Here at Club "NAHA" Karate-Do, our goal is to inspire and enable our students through karate training to realize their full potential as productive, responsible, and caring individuals. Club "NAHA" Karate-Do will help strengthen their spirit, mind, and body, by providing a positive karate dojo for kids by focusing on caring, confidence, honesty, leadership, respect, and responsibility.

Sunday, May 10, 2009

Shudokan Karate 修道館

Shudokan (修道館), literally the hall for the study of the [karate] way, is a school of karate developed by Kanken Toyama (18881966). Feature characteristics of Shudokan karate include large circular motions with an emphasis on covering and its own unique kata.

Toyama's karate training began at the age of nine in 1897 with Itarashiki, although he studied with Yasutsune Itosu for 18 years, until the latter's death in 1915. In 1907 Toyama was appointed shihandai (assistant master) to Itosu at the Okinawa Teacher's College, and he and Gichin Funakoshi, who later developed Shotokan karate, were the only two students to be granted the title of shihanshi (protégé). Even today, many do not know that Kanken Toyama out ranked Gichin Funakoshi with the rank of "Assistant Master" or "shihandai".

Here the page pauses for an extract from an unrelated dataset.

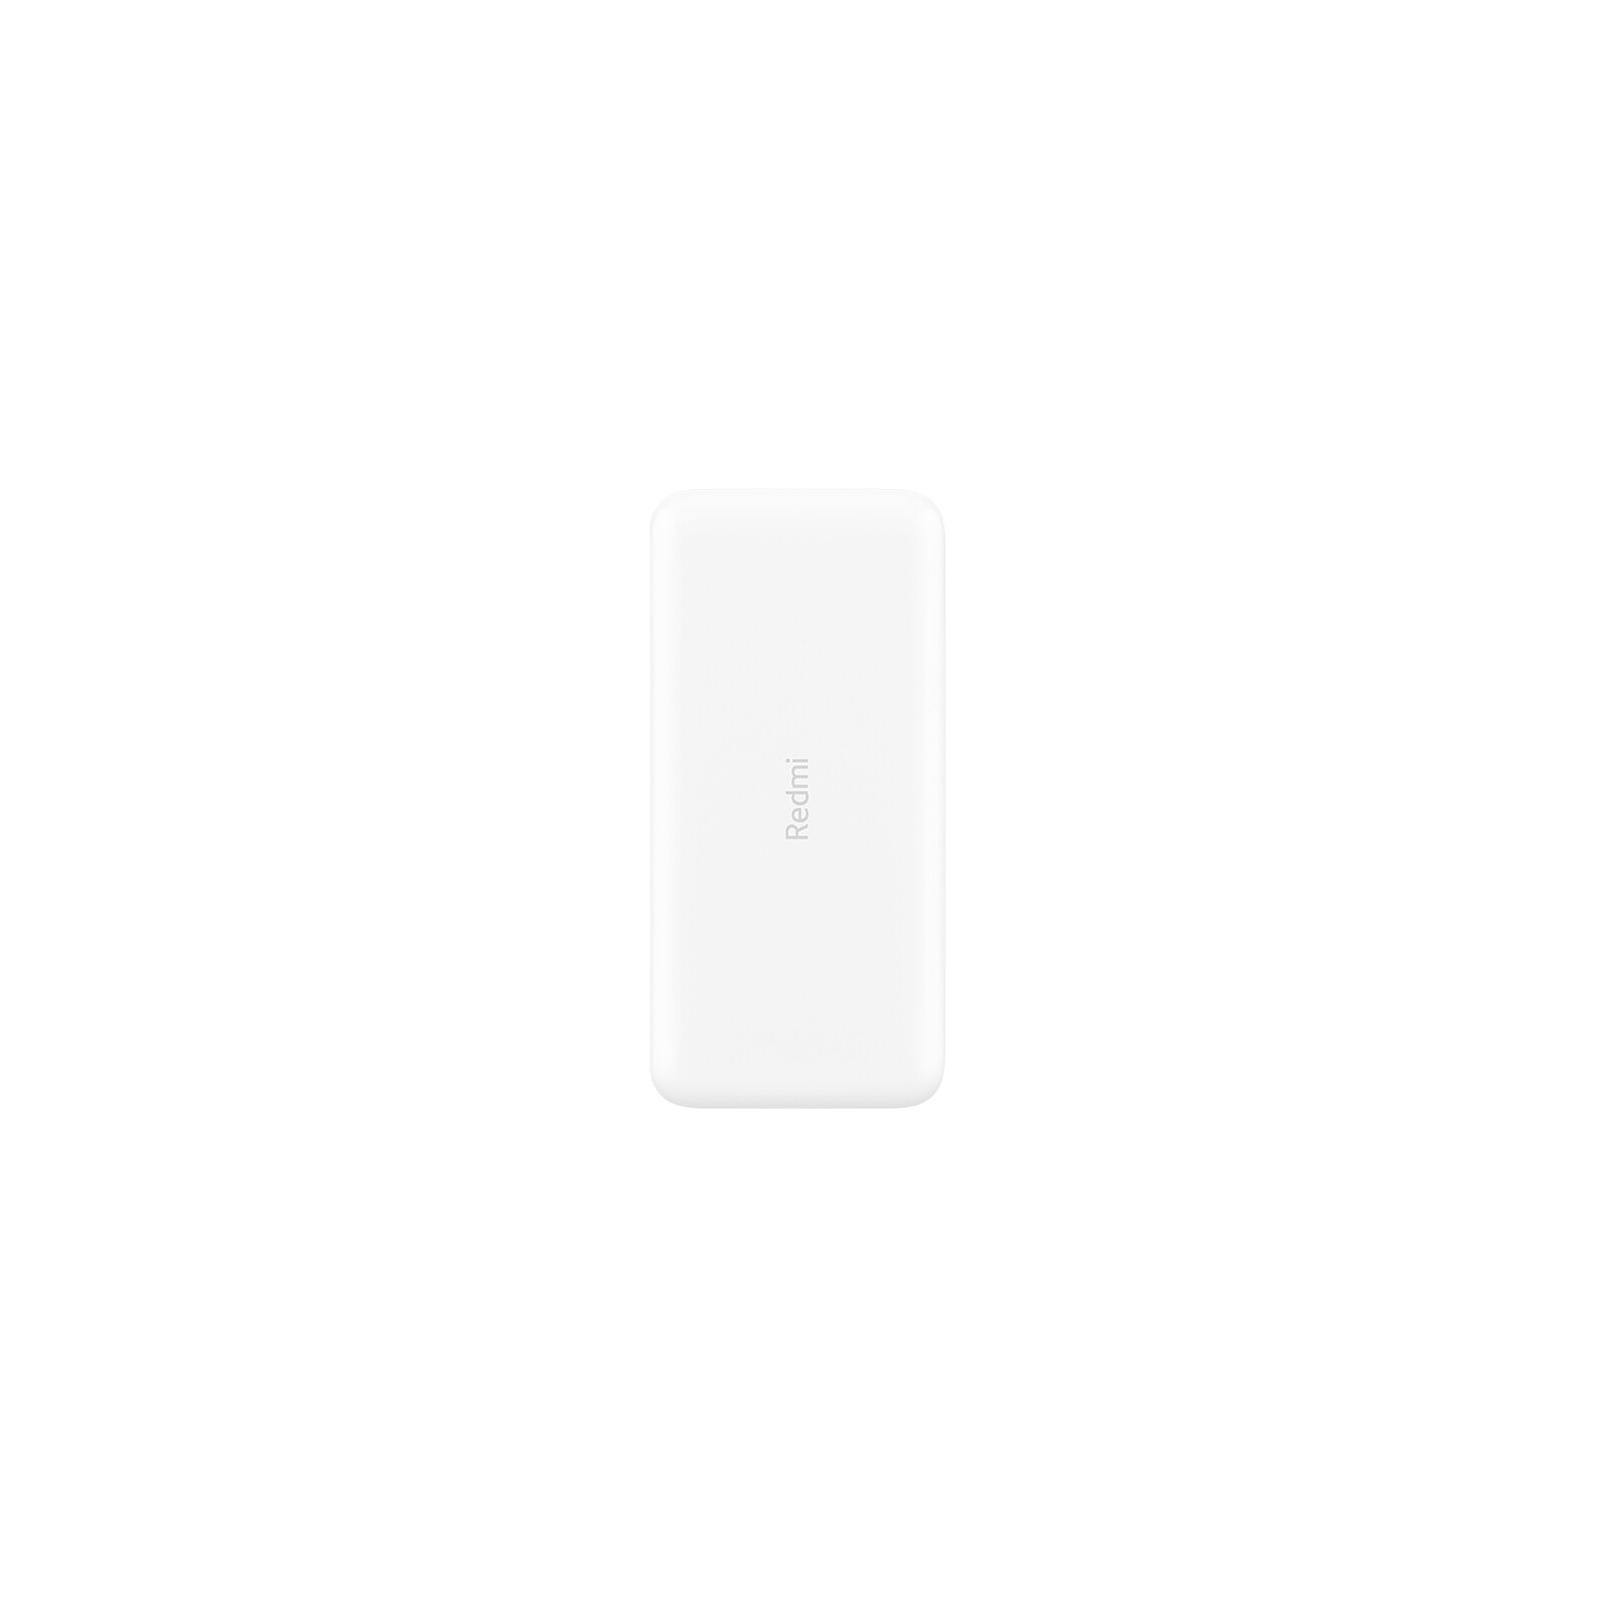 Батарея универсальная Xiaomi Redmi 20000mAh (in 2.1A Micro-USB,Type-C/ out 2*2.4A) White (VXN4265CN / VXN4285)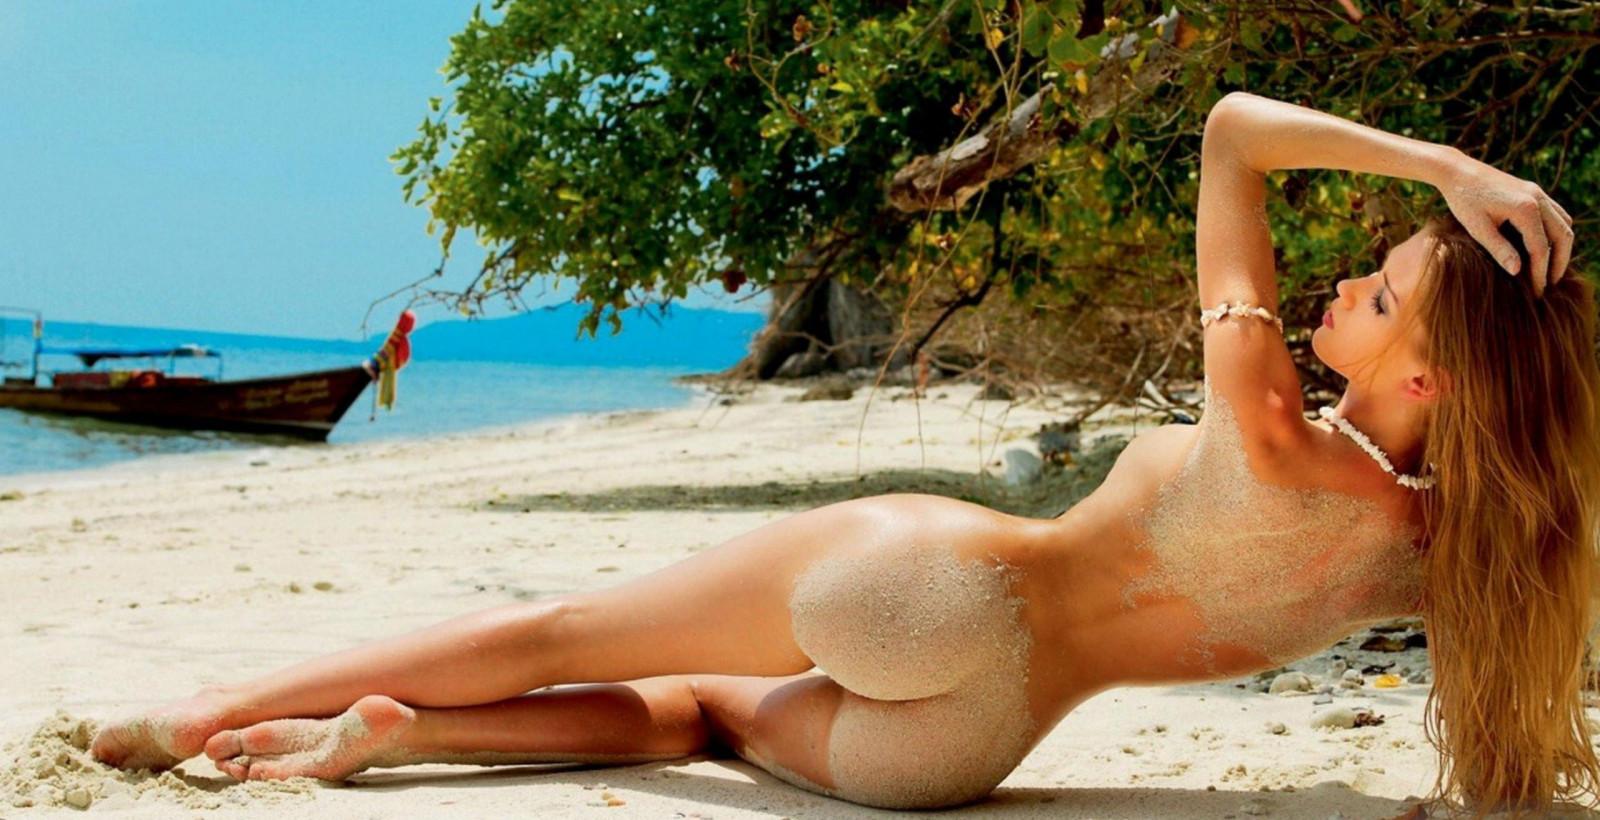 приколы над девушками на пляже любители

In 1924 Toyama moved his family to Taiwan where he taught in an elementary school and studied Chinese Ch'uan Fa, which included Taku, Makaitan, Rutaobai, and Ubo. In early 1930 he returned to Japan and on March 20, 1930, he opened his first dojo in Tokyo. He named his dojo Shu Do Kan meaning the hall for the study of the karate way. Toyama taught what he had learnt from Itosu and the Ch'uan Fa and did not claim to have originated a new style of karate.

In 1946, Toyama founded the All Japan Karate-Do Federation (AJKF) with the intention of unifying the various forms of karate of Japan and Okinawa under one governing organization.
As Toyama did not view the Shu Do Kan as a distinct style of karate, but merely a place for training, he did not appoint a successor. Thus, the organization he founded fragmented after his death in 1966, although his student Toshi Hanaue maintained the original Shu Do Kan. A few other schools based on Toyama's teachings still exist such as Doshinkan. Today, a minimal overseeing of the Toyama lineage Karate is done by Kanken Toyama's son, Ha Toyama.

Shudokan karate today is essentially a compound system, including Kobudo (i.e. ancient art, referring to the specialized weapons practice of traditional Okinawan karate) and Shorin-Ryu (also known as Shurite or Itosu-ha). Many other principles from other styles have found their way into Shudokan as it was Toyama's wish that Shudokan not stagnate, that it should grow in efficiency and flourish.

Shudokan teaches a series of unique kata that represent light, quick motions and a variety of power sources. These kata are secret to shudokan practitioners and are not taught to outsiders. One must obtain the rank of Sankyu (brown-belt, three belts away black-belt) in most schools before they are permitted to learn these kata.